*TASK STATEMENT*:
Below are some records. Return exactly the lines from the one with "hình ảnh sản" to the one with "Säulen aus Massivholz nebeneinander", and nothing else.

===== EXERCISE MATERIAL =====

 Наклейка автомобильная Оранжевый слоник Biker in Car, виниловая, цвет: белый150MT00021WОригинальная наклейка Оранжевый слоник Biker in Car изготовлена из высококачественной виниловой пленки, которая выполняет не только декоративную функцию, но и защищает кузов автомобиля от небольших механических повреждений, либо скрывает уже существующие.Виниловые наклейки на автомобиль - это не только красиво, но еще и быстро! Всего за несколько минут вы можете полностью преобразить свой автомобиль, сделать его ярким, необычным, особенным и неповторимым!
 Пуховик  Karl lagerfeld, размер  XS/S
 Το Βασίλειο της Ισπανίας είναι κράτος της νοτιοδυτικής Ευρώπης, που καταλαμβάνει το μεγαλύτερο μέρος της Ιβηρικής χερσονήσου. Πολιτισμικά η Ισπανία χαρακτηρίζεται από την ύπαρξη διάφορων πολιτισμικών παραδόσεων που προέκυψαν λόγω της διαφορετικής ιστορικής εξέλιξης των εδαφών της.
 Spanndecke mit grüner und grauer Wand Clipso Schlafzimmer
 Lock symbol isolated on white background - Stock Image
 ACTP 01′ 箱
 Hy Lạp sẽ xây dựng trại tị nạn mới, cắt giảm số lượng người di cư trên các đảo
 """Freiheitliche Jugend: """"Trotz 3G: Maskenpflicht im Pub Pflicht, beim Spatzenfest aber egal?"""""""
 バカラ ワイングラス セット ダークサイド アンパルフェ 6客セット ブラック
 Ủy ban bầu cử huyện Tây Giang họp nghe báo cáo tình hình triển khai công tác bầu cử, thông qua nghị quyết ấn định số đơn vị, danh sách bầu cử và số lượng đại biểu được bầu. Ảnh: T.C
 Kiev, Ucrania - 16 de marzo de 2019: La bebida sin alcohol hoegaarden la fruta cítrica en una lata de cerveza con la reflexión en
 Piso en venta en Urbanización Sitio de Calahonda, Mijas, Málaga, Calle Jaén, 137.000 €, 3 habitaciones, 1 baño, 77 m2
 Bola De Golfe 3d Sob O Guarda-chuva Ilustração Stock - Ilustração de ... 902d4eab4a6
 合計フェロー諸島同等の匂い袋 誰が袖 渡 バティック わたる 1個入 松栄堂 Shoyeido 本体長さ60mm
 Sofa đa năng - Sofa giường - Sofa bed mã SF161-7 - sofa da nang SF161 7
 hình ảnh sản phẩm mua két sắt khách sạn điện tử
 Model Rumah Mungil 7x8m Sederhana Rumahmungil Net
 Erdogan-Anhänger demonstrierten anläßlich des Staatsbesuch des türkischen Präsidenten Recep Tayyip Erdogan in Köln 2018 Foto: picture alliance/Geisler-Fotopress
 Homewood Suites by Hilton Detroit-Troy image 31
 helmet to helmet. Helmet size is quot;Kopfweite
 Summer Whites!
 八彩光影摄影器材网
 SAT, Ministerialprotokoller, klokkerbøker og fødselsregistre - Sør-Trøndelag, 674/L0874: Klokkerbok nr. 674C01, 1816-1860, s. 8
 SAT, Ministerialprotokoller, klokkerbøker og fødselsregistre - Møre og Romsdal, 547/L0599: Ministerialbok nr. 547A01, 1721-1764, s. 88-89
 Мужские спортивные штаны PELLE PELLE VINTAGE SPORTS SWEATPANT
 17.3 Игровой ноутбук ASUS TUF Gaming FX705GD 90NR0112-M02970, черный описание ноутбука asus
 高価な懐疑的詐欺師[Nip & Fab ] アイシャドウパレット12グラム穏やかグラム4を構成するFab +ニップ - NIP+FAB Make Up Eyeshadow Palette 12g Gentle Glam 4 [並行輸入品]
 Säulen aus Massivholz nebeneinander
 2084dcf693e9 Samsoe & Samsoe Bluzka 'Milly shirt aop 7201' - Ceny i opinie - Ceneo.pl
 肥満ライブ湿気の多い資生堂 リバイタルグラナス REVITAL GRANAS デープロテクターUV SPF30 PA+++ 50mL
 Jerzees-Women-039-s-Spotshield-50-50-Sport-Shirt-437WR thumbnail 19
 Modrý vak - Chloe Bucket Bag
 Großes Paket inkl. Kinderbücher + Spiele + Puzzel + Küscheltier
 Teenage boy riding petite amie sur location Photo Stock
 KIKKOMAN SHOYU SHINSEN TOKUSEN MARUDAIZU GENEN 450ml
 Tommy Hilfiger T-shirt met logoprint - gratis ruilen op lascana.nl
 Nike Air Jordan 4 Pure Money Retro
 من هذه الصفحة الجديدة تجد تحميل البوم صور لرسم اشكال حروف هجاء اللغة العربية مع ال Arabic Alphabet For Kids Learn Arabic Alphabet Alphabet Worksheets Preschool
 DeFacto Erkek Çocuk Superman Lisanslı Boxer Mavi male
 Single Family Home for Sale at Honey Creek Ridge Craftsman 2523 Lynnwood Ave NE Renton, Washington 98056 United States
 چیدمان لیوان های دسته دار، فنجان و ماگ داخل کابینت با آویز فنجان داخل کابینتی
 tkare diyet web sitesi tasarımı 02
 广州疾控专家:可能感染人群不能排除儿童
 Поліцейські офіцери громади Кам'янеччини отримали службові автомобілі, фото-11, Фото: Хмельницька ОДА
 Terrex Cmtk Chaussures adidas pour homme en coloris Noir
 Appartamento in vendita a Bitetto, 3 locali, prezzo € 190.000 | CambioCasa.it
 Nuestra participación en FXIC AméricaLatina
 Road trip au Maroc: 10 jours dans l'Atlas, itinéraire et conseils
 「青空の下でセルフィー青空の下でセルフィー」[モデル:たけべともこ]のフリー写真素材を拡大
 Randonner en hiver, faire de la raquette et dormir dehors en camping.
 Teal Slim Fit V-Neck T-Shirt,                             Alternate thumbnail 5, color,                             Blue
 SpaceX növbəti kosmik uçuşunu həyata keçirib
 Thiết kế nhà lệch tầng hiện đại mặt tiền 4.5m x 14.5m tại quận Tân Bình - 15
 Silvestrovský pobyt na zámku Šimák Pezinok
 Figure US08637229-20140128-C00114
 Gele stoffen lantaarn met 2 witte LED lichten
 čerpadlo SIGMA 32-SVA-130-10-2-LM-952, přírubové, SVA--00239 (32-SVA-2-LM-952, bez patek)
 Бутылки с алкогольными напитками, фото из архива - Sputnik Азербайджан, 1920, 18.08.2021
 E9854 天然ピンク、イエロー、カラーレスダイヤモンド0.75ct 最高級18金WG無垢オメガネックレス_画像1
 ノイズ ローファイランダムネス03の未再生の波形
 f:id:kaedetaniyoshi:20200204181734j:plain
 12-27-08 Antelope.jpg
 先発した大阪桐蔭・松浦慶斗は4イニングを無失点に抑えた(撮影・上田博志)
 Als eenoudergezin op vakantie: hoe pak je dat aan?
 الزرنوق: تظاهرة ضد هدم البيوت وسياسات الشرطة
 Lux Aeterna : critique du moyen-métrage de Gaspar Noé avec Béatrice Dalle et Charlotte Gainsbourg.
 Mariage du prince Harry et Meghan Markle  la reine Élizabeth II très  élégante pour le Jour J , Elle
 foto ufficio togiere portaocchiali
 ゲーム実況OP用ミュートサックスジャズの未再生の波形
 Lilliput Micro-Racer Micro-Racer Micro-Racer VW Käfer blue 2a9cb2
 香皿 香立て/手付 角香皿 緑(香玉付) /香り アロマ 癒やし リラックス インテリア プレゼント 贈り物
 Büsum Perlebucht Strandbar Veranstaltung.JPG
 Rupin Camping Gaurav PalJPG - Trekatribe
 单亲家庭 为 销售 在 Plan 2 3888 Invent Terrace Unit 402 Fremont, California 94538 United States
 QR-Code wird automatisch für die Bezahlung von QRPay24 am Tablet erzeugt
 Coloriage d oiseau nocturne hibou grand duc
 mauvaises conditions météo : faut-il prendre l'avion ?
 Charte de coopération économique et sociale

=====

*ANSWER FOR THE TASK*:
 hình ảnh sản phẩm mua két sắt khách sạn điện tử
 Model Rumah Mungil 7x8m Sederhana Rumahmungil Net
 Erdogan-Anhänger demonstrierten anläßlich des Staatsbesuch des türkischen Präsidenten Recep Tayyip Erdogan in Köln 2018 Foto: picture alliance/Geisler-Fotopress
 Homewood Suites by Hilton Detroit-Troy image 31
 helmet to helmet. Helmet size is quot;Kopfweite
 Summer Whites!
 八彩光影摄影器材网
 SAT, Ministerialprotokoller, klokkerbøker og fødselsregistre - Sør-Trøndelag, 674/L0874: Klokkerbok nr. 674C01, 1816-1860, s. 8
 SAT, Ministerialprotokoller, klokkerbøker og fødselsregistre - Møre og Romsdal, 547/L0599: Ministerialbok nr. 547A01, 1721-1764, s. 88-89
 Мужские спортивные штаны PELLE PELLE VINTAGE SPORTS SWEATPANT
 17.3 Игровой ноутбук ASUS TUF Gaming FX705GD 90NR0112-M02970, черный описание ноутбука asus
 高価な懐疑的詐欺師[Nip & Fab ] アイシャドウパレット12グラム穏やかグラム4を構成するFab +ニップ - NIP+FAB Make Up Eyeshadow Palette 12g Gentle Glam 4 [並行輸入品]
 Säulen aus Massivholz nebeneinander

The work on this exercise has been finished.